9.4 Evaluation Metrics

  • Silhouette Width

Consider observation \(i \in\) cluster \(Clus1\). Let \[\begin{align} d(i, Clus2) &= \mbox{average dissimilarity of } i \mbox{ to all objects in cluster } Clus2\\ a(i) &= \mbox{average dissimilarity of } i \mbox{ to all objects in } Clus1.\\ b(i) &= \min_{Clus2 \ne Clus1} d(i,Clus2) = \mbox{distance to the next closest neighbor cluster}\\ \mbox{ silhouette width} &= s(i) = \frac{b(i) - a(i)}{\max \{ a(i), b(i) \}}\\ & &\\ \mbox{average}_{i \in Clus1} s(i) &= \mbox{average silhouette width for cluster $Clus1$} \end{align}\] Note that if \(a(i) < b(i)\) then \(i\) is well classified with a maximum \(s(i) = 1\). If \(a(i) > b(i)\) then \(i\) is not well classified with a minimum \(s(i) = -1\).

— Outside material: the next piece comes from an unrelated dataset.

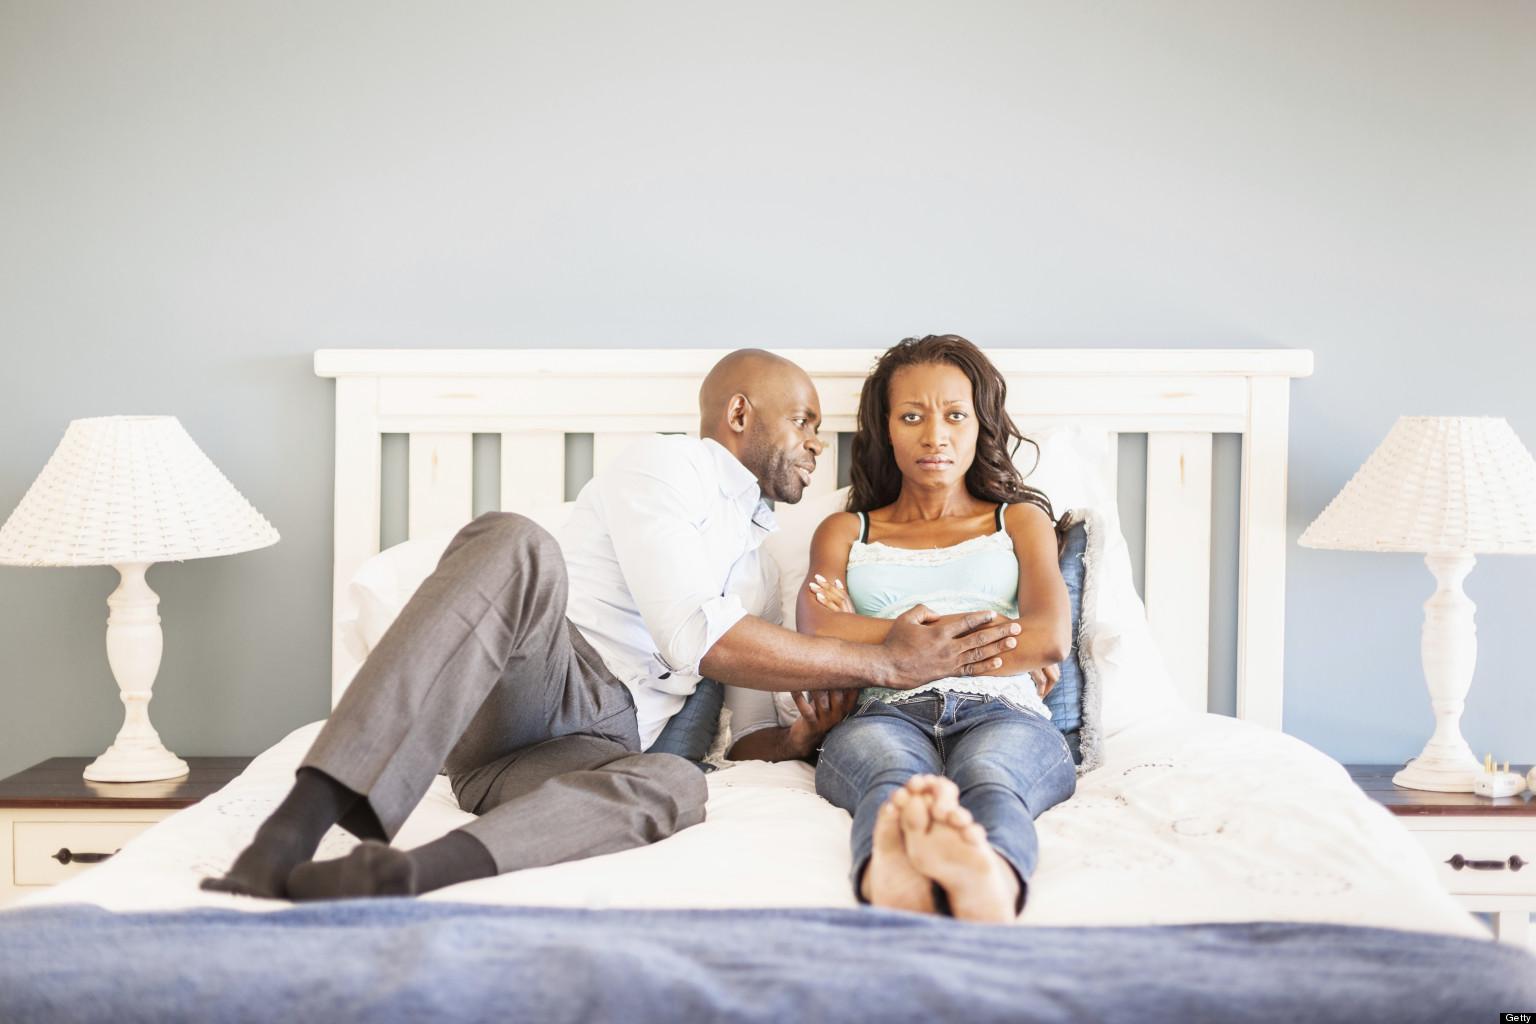 Sleep Science Mattress >> Sleep Study Reveals Couples' Worst Bedtime Habits | HuffPost

The goal is to have a large silhouette width.

  • Diameter of cluster \(Clus1\) (within cluster measure) \[\begin{align} \mbox{diameter} = \max_{i,j \in Clus1} d(i,j) \end{align}\]

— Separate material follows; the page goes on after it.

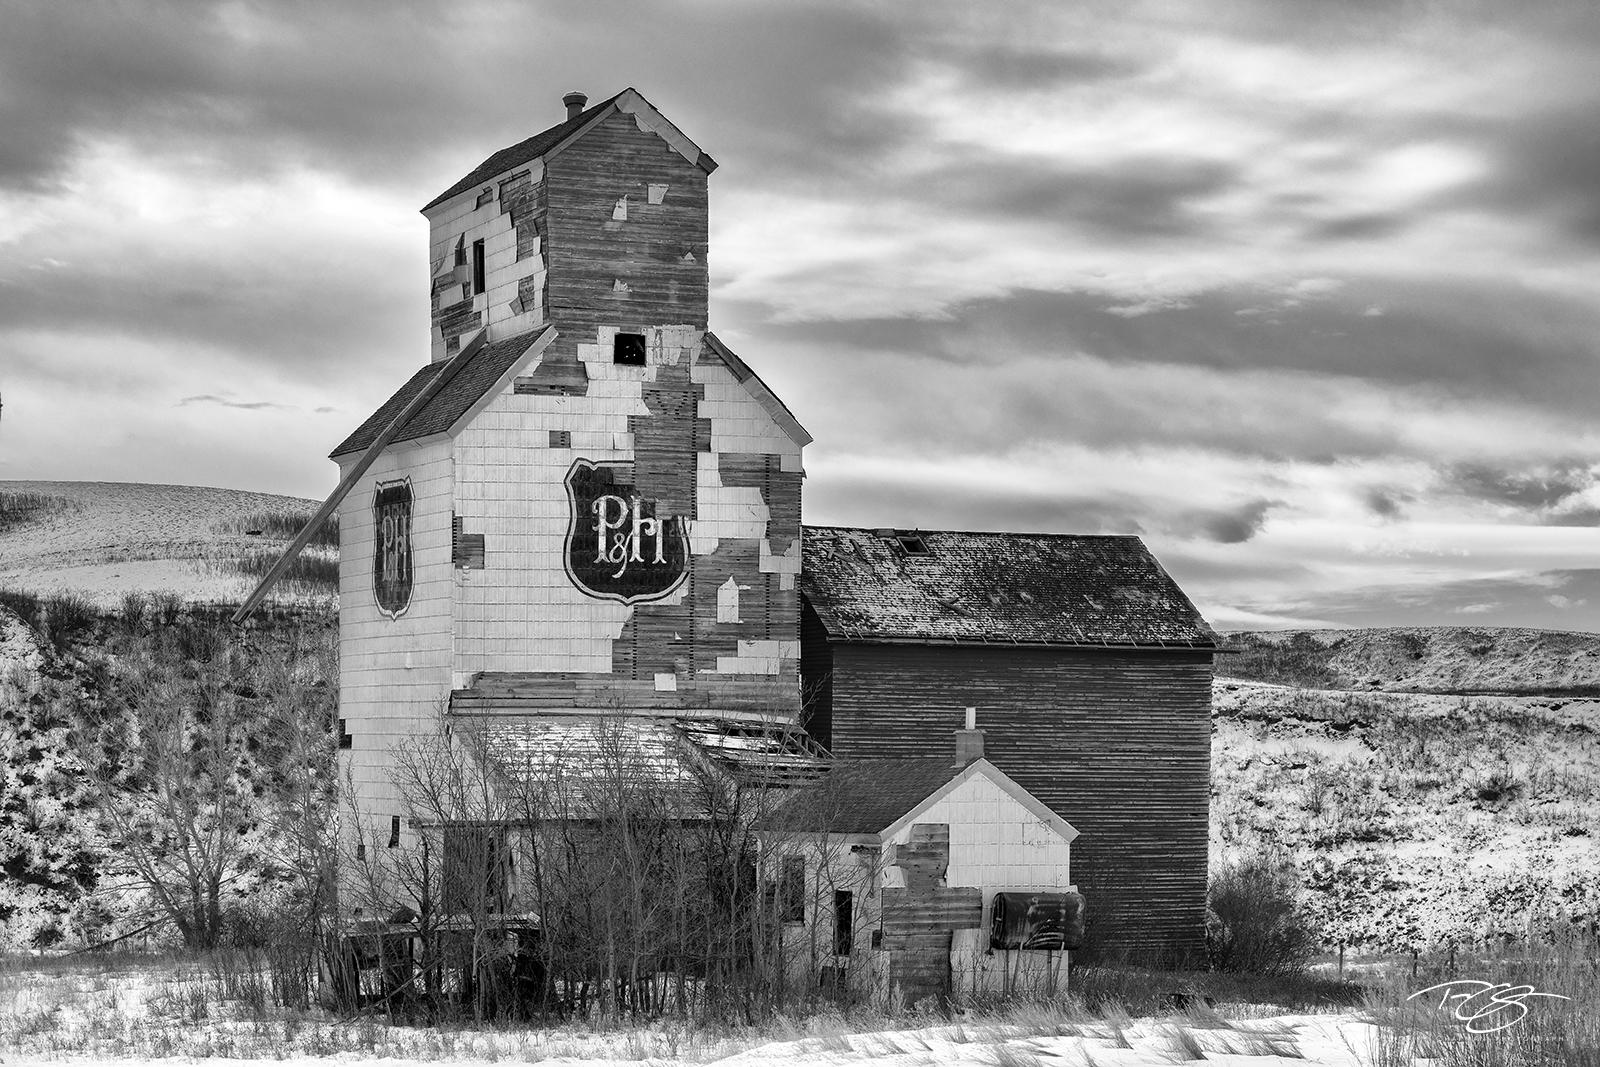 A near century old Parrish & Heimbecker grain elevator slowly succumbs to the harsh prairie winter

  • Separation of cluster \(Clus1\) (between cluster measure) \[\begin{align} \mbox{separation} = \min_{i \in Clus1, j \notin Clus1} d(i,j) \end{align}\]

  • \(L^*\): a cluster with diameter \(<\) separation; \(L\): a cluster with \(\max_{j \in Clus1} d(i,j) < \min_{k \notin Clus1} d(i,k)\).

PAM example

Building the clusters
A B C D E
A 0
B 0.2 0
C 0.6 0.5 0
D 1 0.9 0.4 0
E 0.9 0.8 5 0.3 0
  • Start by considering the random allocation (AC) and (BDE)

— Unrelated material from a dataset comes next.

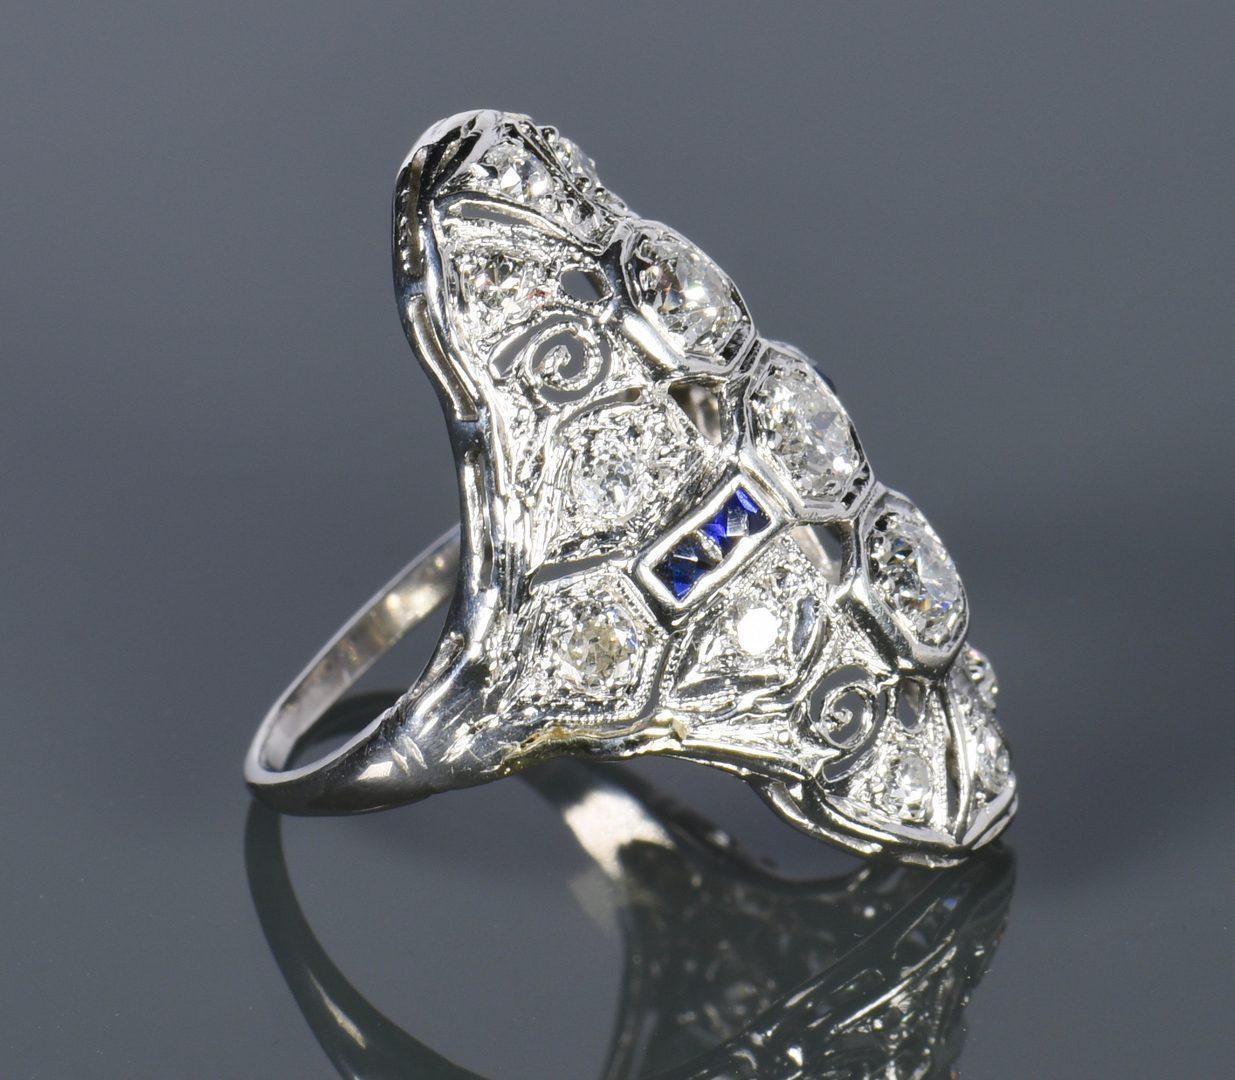 Lot 805: Art Deco Diamond and Sapphire Ring

  • As a second step, calculate the within cluster sums of distances:

A: 0.6

C: 0.6

B: 0.9 + 0.8 = 1.7

D: 0.9 + 0.3 = 1.2

E: 0.8 + 0.3 = 1.1

For cluster 1, it doesn’t matter if we choose A or C (let’s choose C). For cluster 2, we should choose E (it is the most “central” as measured by its closer distance to both B and D).

  • Reallocate points:

Cluster1: C and all the points that are closer to C than E. A and B are both closer to C than to E. Cluster1 will be (A,B,C).

Cluster2: E and all the points that are closer to E than C. Only D is closer to E than C. Cluster2 will be (D,E)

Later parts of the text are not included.